SFS Inference

Computing likelihoods

Following [Sawyer1992] the distribution of mutation frequencies is treated as a Poisson random field, so that composite likelihoods (in which we assume mutations are independent) are computed by taking Poisson likelihoods over bins in the SFS. We typically work with log-likelihoods, so that the log-likelihood of the data (\(D\)) given the model (\(M\)) is

\[\log{\mathcal{L}} = \sum_{i} D_i \log{M_i} - M_i - \log{D_i !}\]

where \(i\) indexes the bins of the SFS.

Likelihoods can be computed from moments.Inference:

import moments
import numpy as np

theta = 1000
model = theta * moments.Demographics1D.snm([10])

data = model.sample()

print(model)
print(data)
[-- 1000.0 499.9999999999999 333.33333333333326 250.0 200.0
 166.66666666666666 142.85714285714286 125.0 111.1111111111111 --]
[-- 956 481 339 240 207 169 129 114 104 --]
print(moments.Inference.ll(model, data))
-35.96101596446971

When simulating under some demographic model, we usually use the default theta of 1, because the SFS scales linearly in the mutation rate. When comparing to data in this case, we need to rescale the model SFS. It turns out that the maximum-likelihood rescaling is that which makes the total number of segregating sites in the model equal to the total number in the data:

data = moments.Spectrum([0, 3900, 1500, 1200, 750, 720, 600, 400, 0])
model = moments.Demographics1D.two_epoch((2.0, 0.1), [8])

print("Number of segregating sites in data:", data.S())
print("Number of segregating sites in model:", model.S())
print("Ratio of segregating sites:", data.S() / model.S())
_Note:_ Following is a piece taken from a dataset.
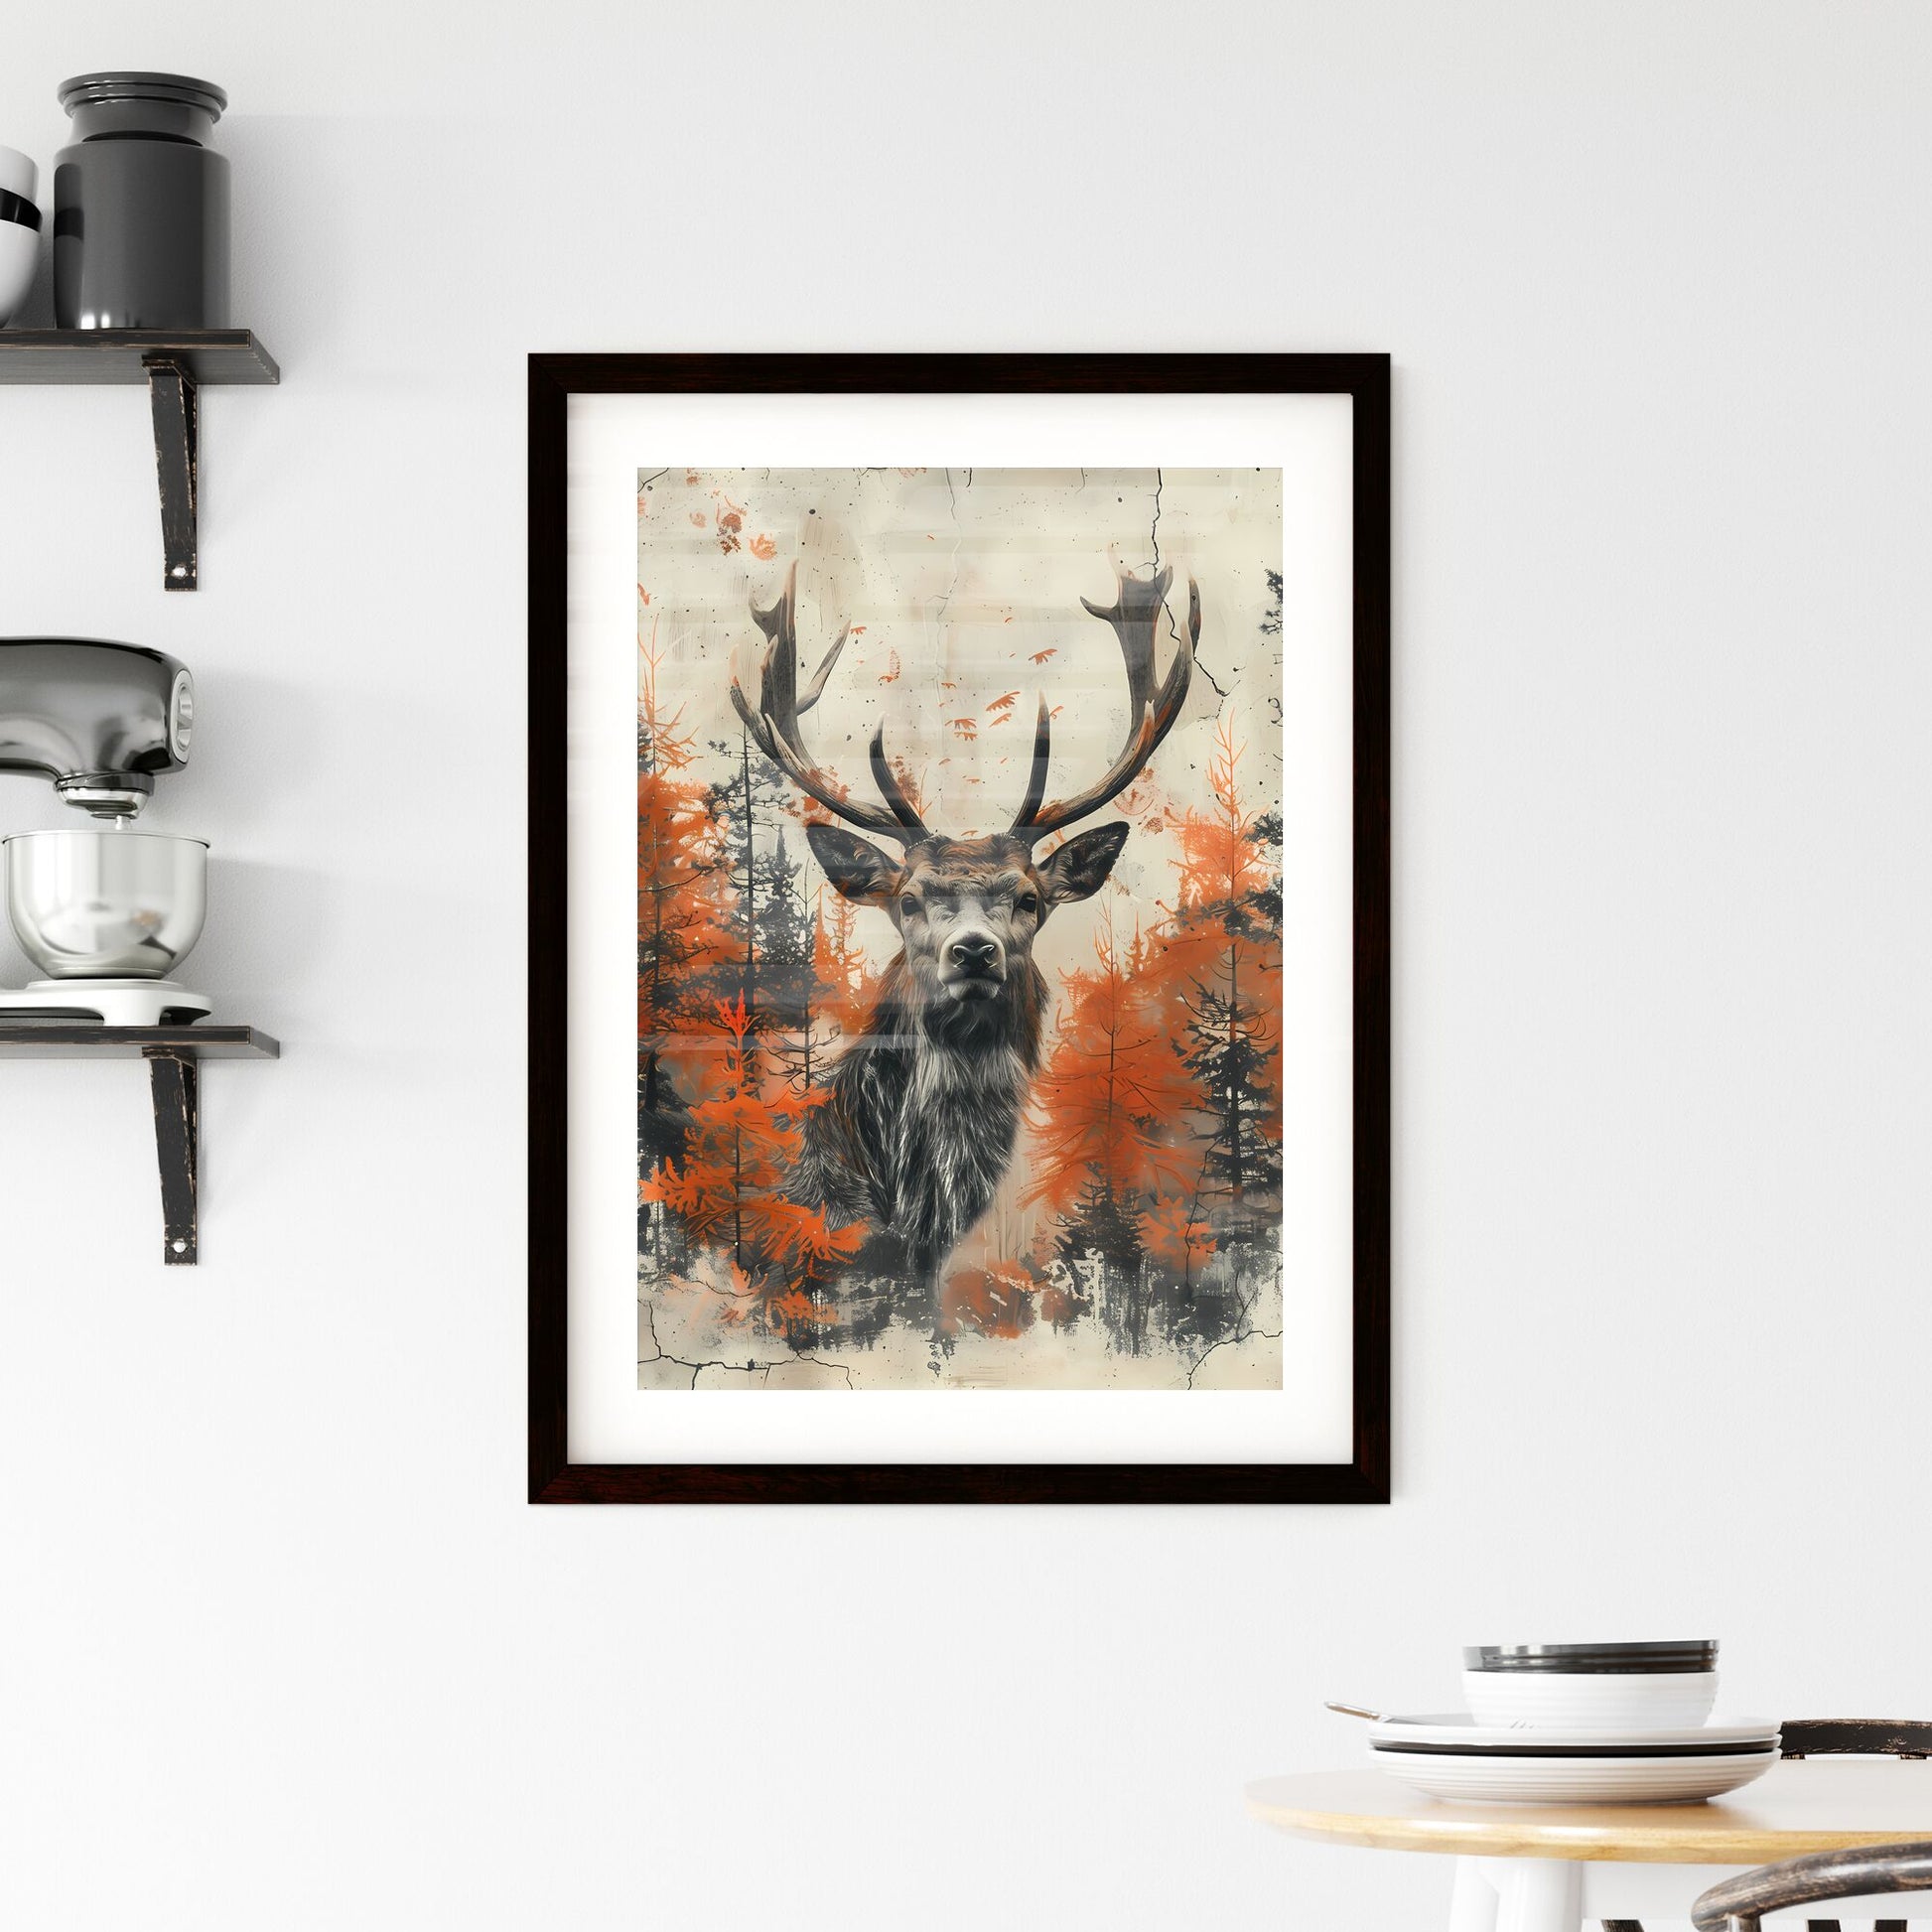 Intricate Baroque Deer Painting: Vibrant Artwork Depicting Stag in Forest with Dynamic Composition Default Title

opt_theta = moments.Inference.optimal_sfs_scaling(model, data)
print("Optimal theta:", opt_theta)
Number of segregating sites in data: 9070.0
Number of segregating sites in model: 2.7771726368386327
Ratio of segregating sites: 3265.911481226729
Optimal theta: 3265.911481226729

Then we can compute the log-likelihood of the rescaled model with the data, which will give us the same answer as moments.Inference.ll_multinom using the unscaled data:

print(moments.Inference.ll(opt_theta * model, data))
print(moments.Inference.ll_multinom(model, data))
-59.880644681554486
-59.880644681554486

Optimization

moments optimization is effectively a wrapper for scipy optimization routines, with some features specific to working with SFS data. In short, given a demographic model defined by a set of parameters, we try to find those parameters that minimize the negative log-likelihood of the data given the model. There are a number of optimization functions available in moments.Inference:

  • optimize and optimize_log: Uses the BFGS algorithm.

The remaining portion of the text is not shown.